- _Assigned task_
All lines from the one containing "Corsair Dual Fan" to the end of the listing below should be output exactly; omit the pictures.

- _Data_

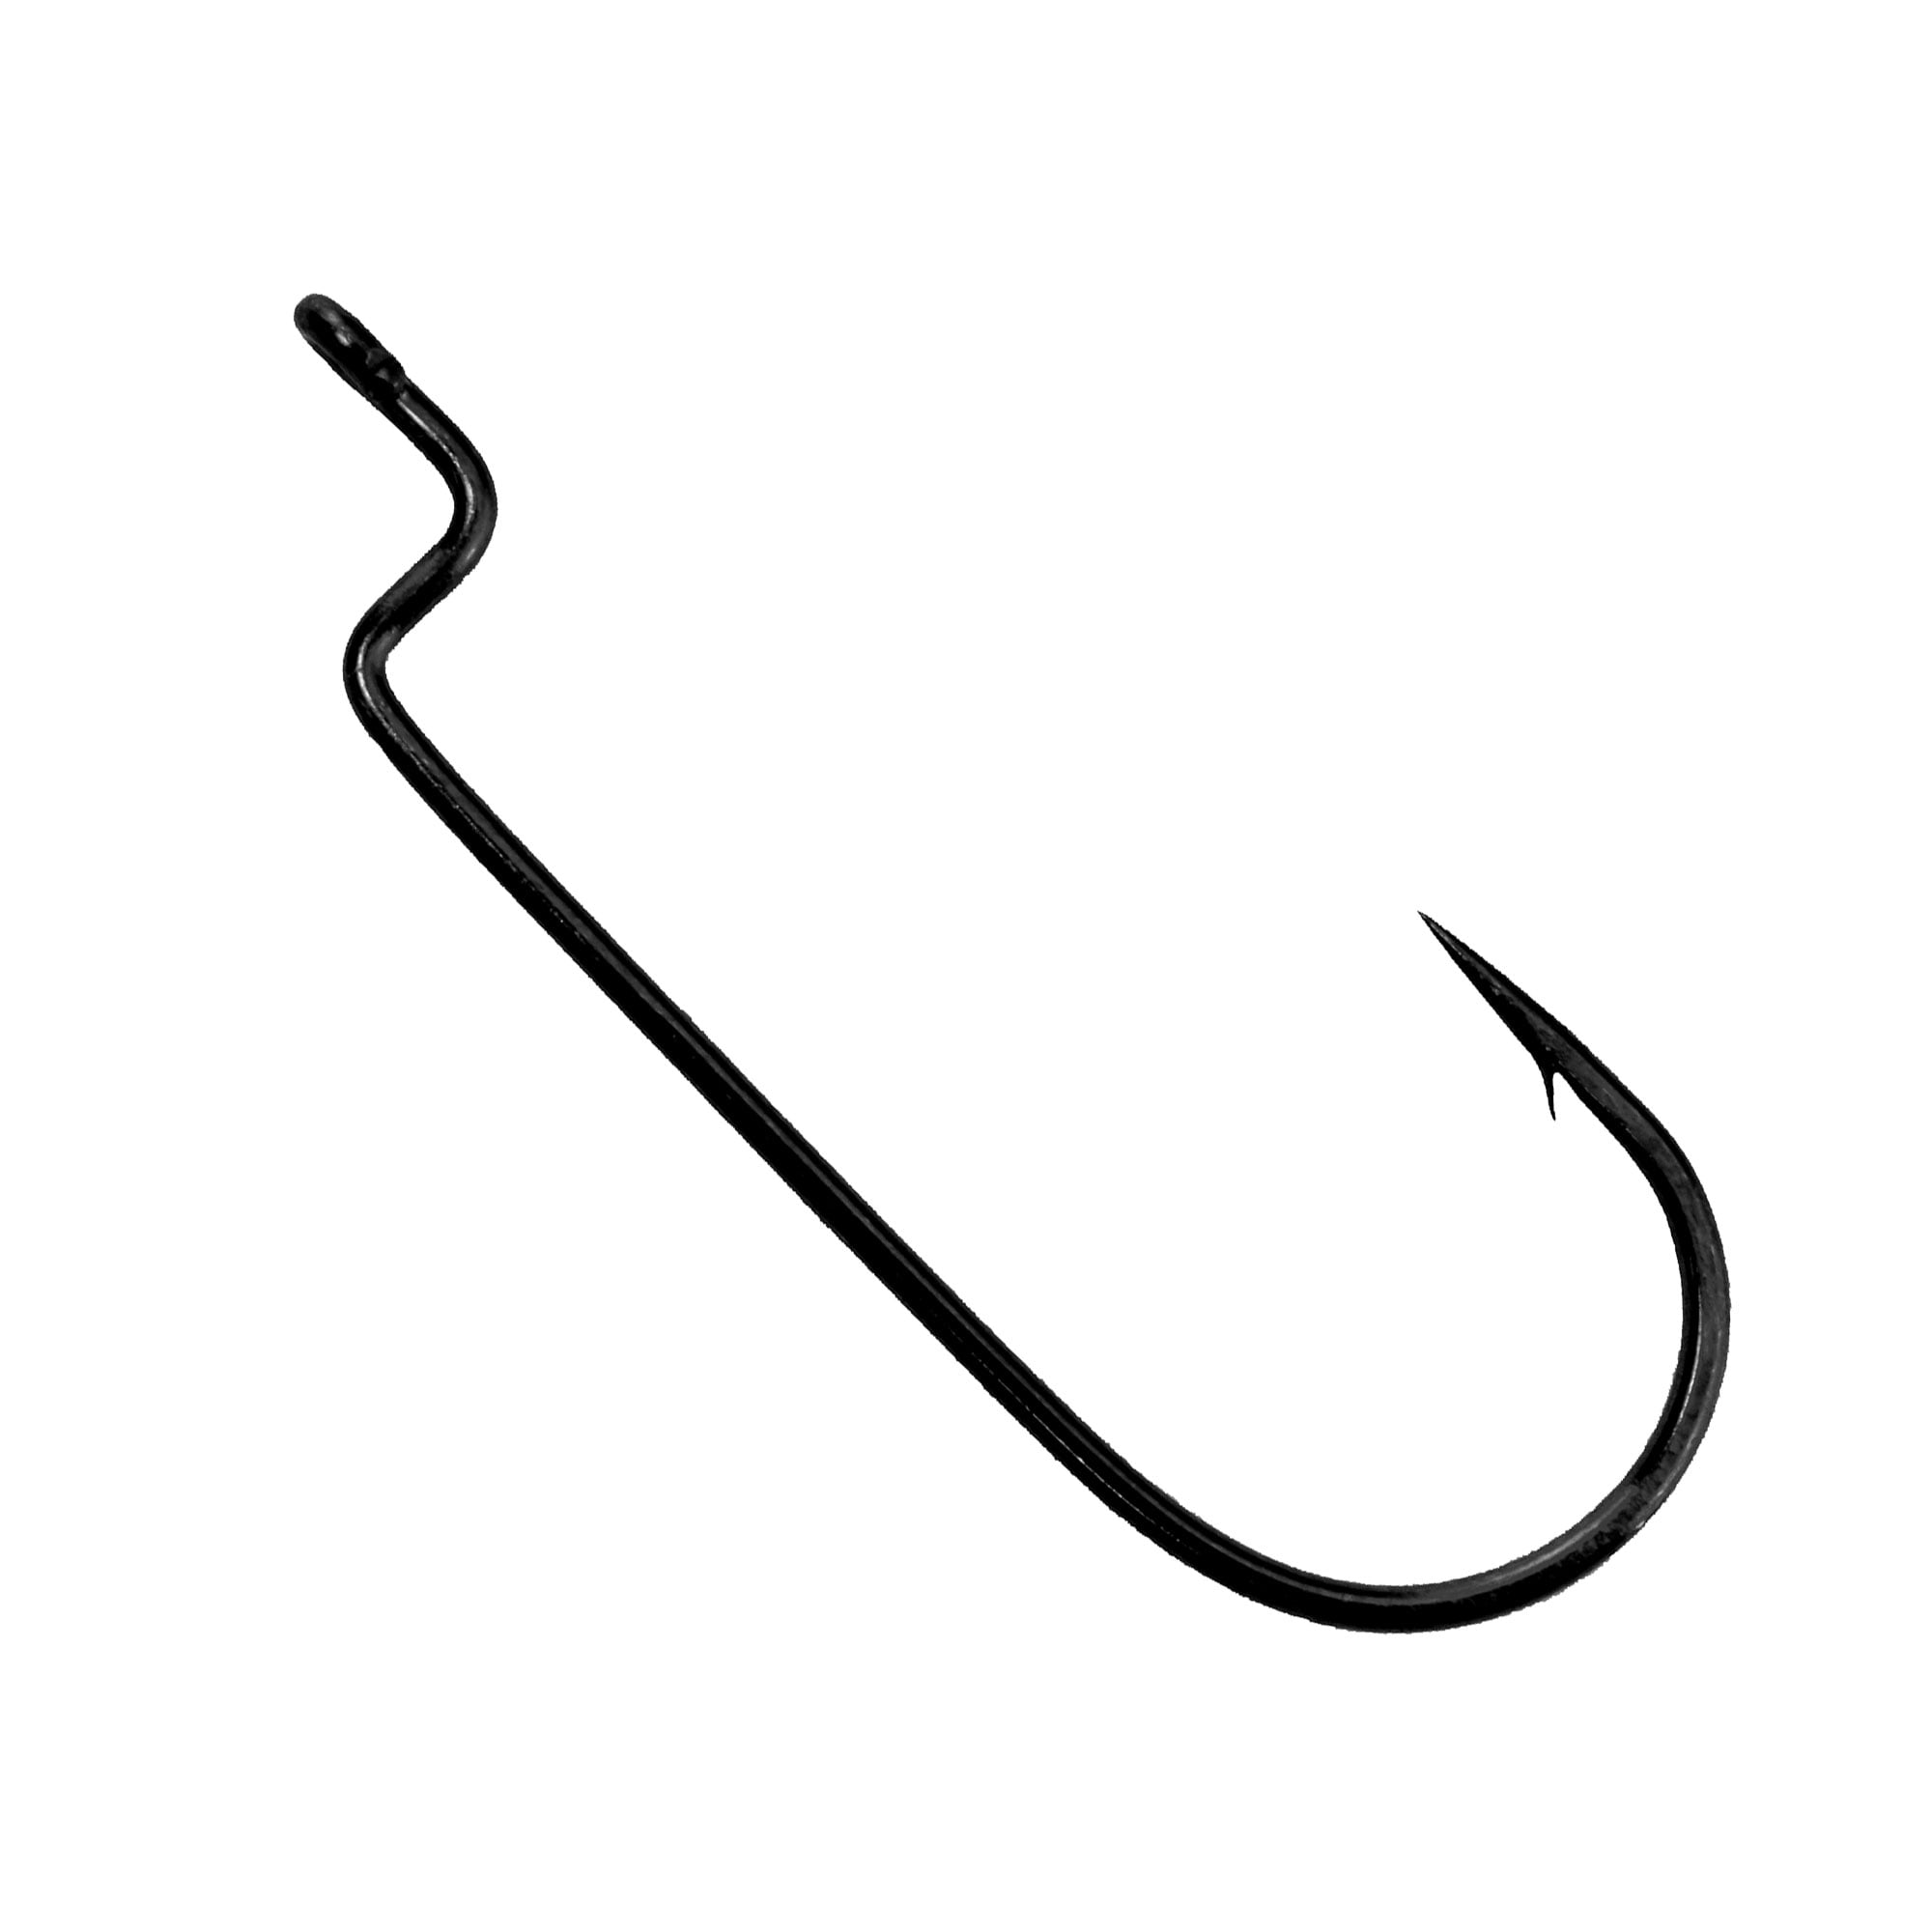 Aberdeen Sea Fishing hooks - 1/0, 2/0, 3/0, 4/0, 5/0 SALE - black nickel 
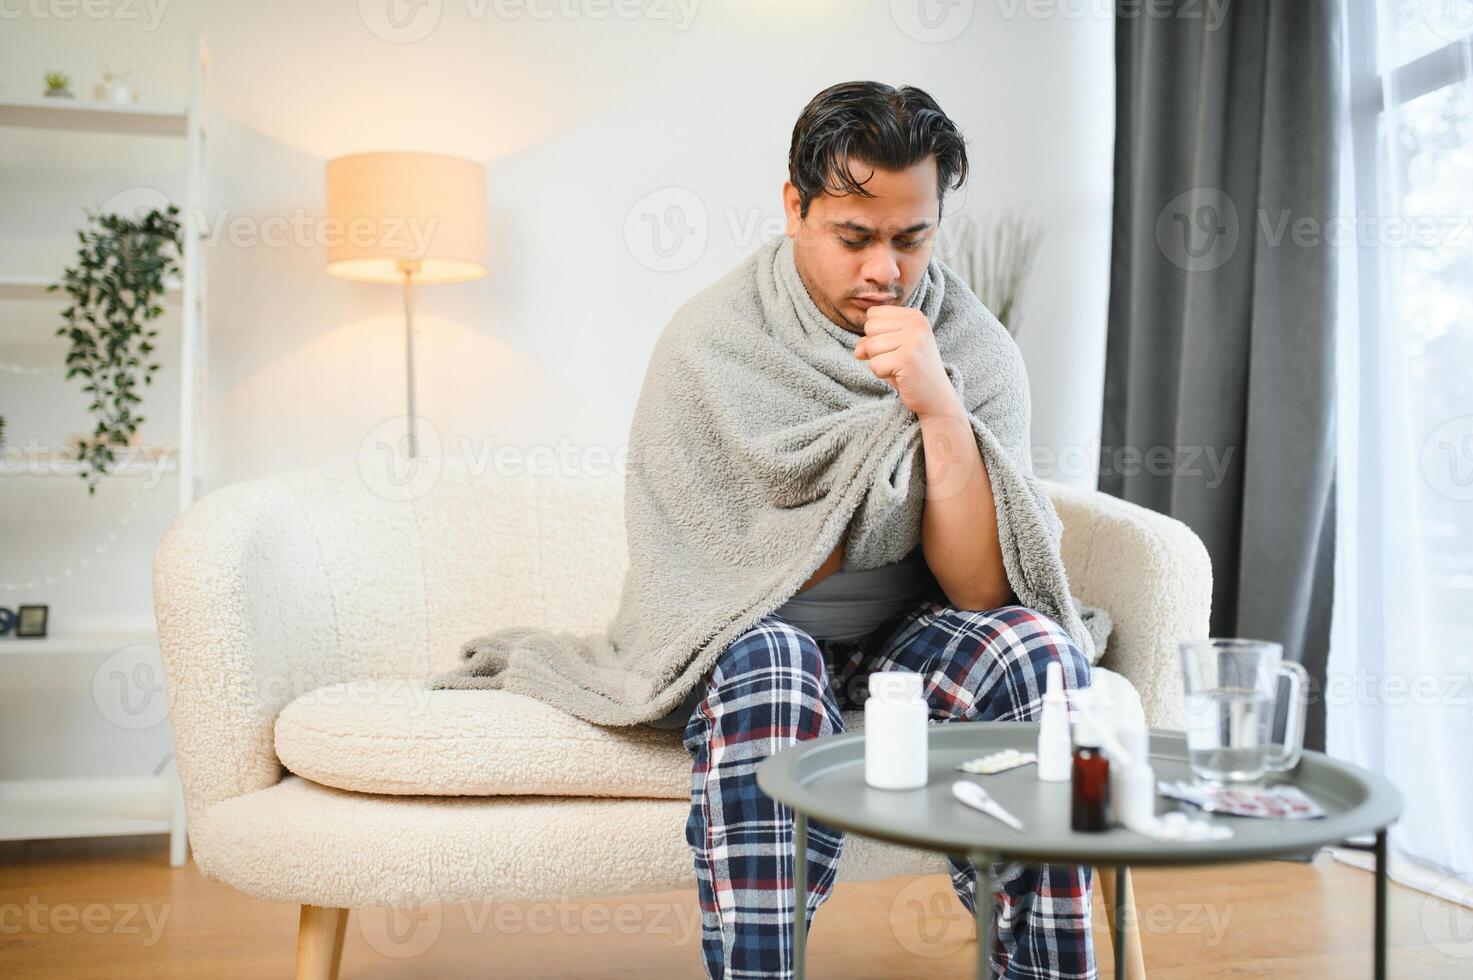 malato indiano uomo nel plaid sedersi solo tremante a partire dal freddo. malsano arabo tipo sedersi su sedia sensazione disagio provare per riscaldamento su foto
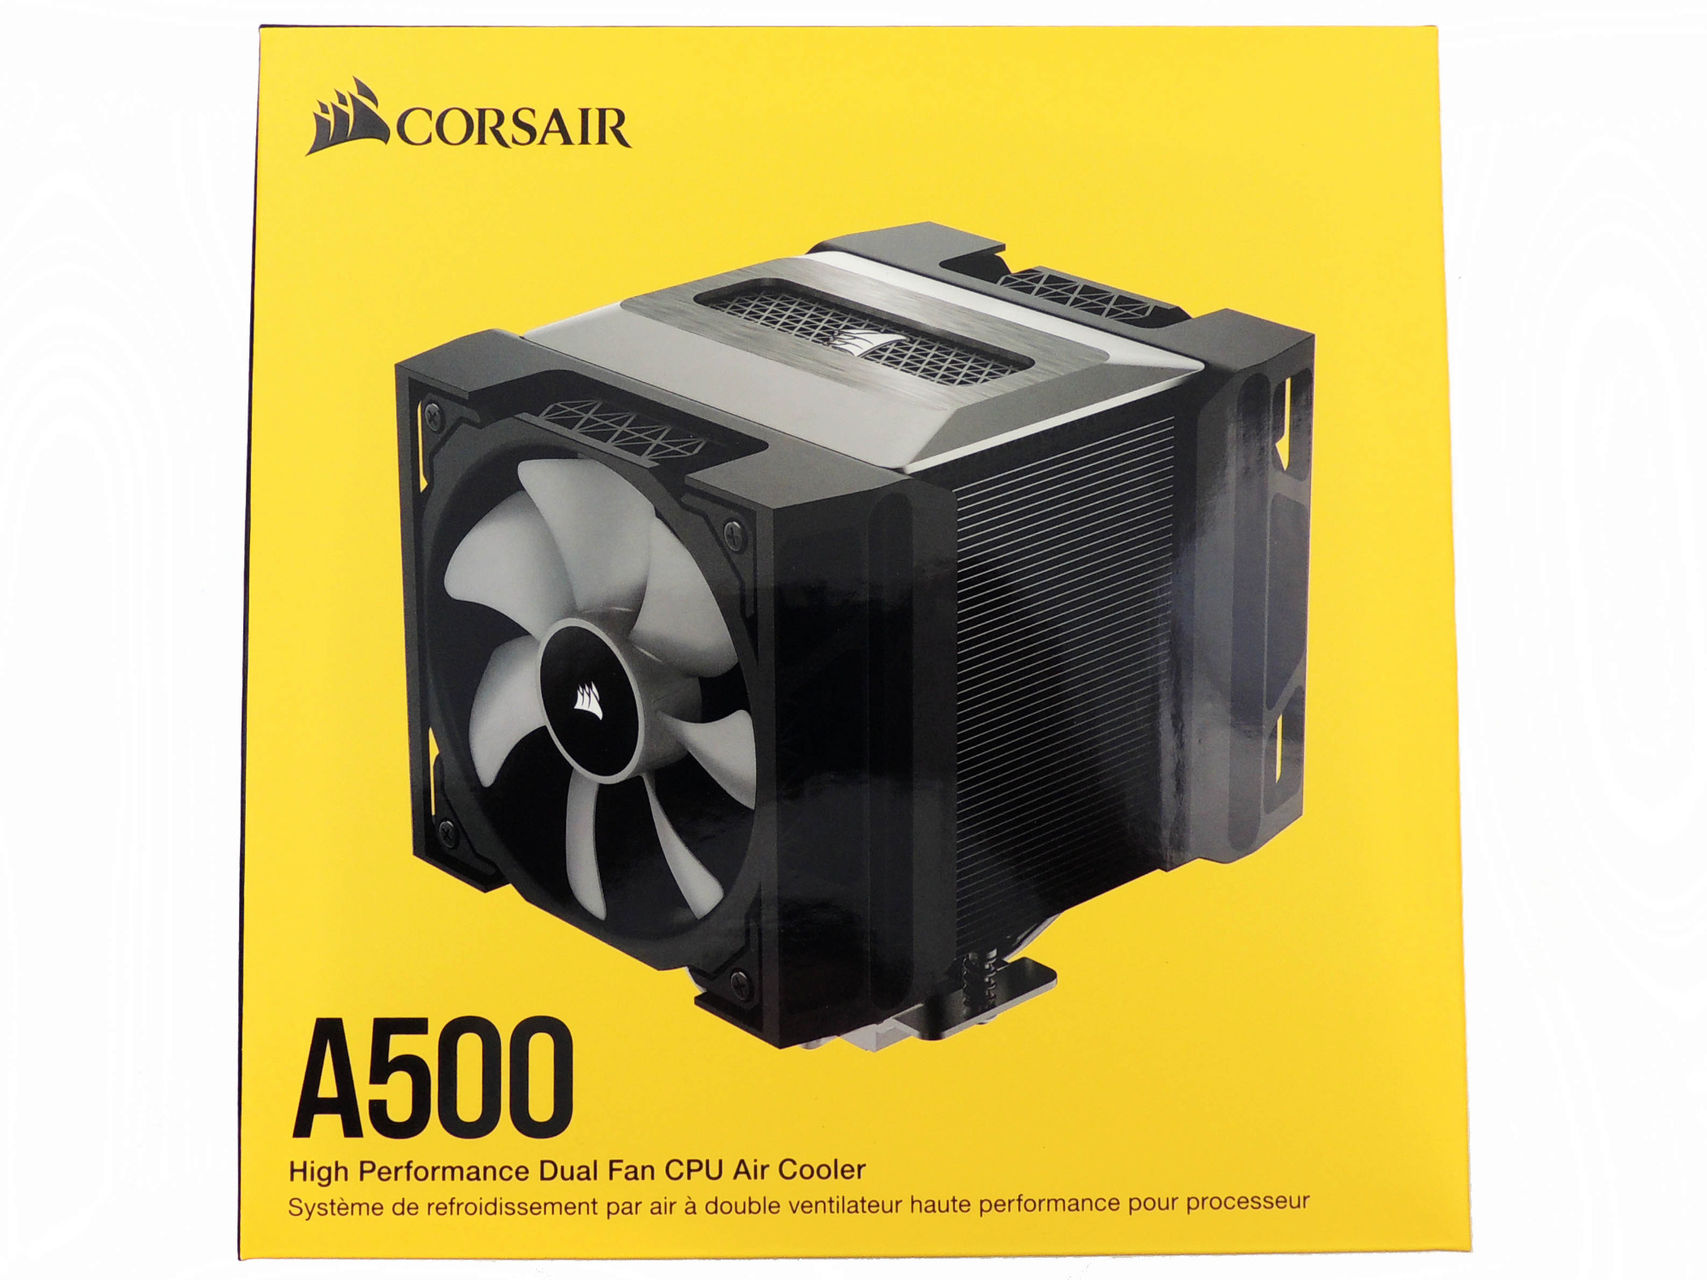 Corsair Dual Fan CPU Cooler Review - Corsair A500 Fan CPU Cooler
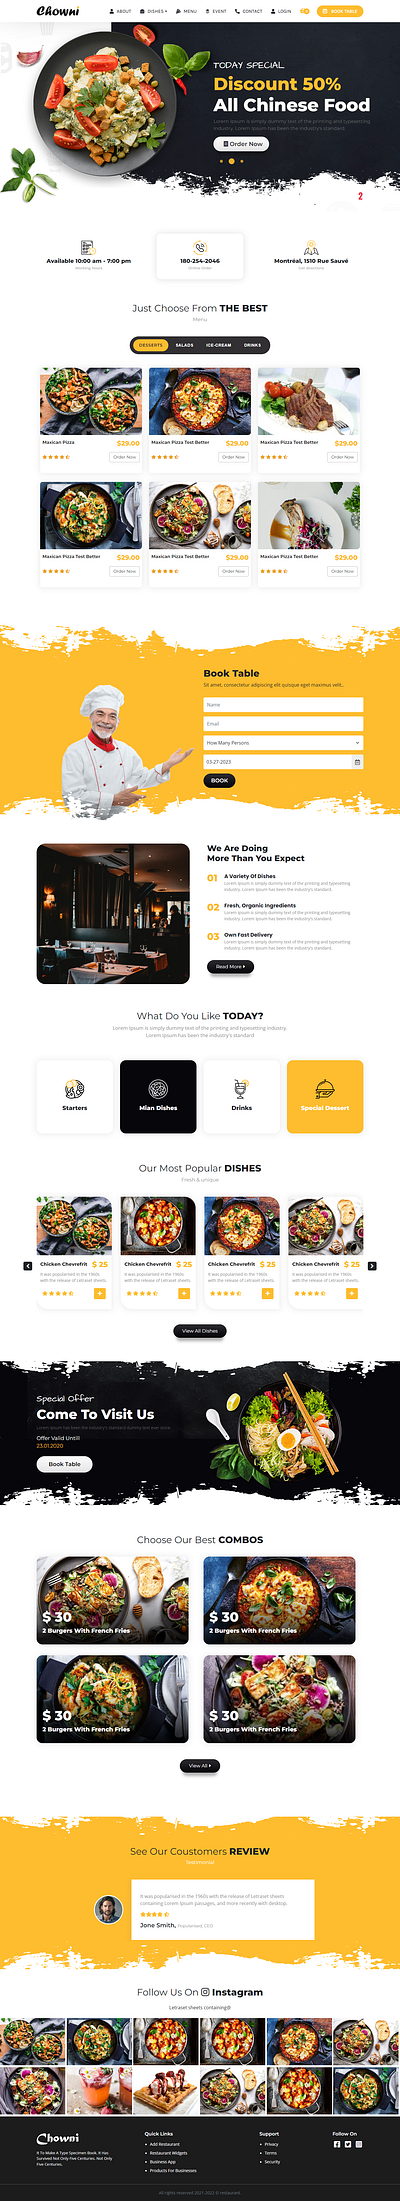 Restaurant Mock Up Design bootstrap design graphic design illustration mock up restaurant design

- _Final answer_
 Corsair Dual Fan CPU Cooler Review - Corsair A500 Fan CPU Cooler
 Restaurant Mock Up Design bootstrap design graphic design illustration mock up restaurant design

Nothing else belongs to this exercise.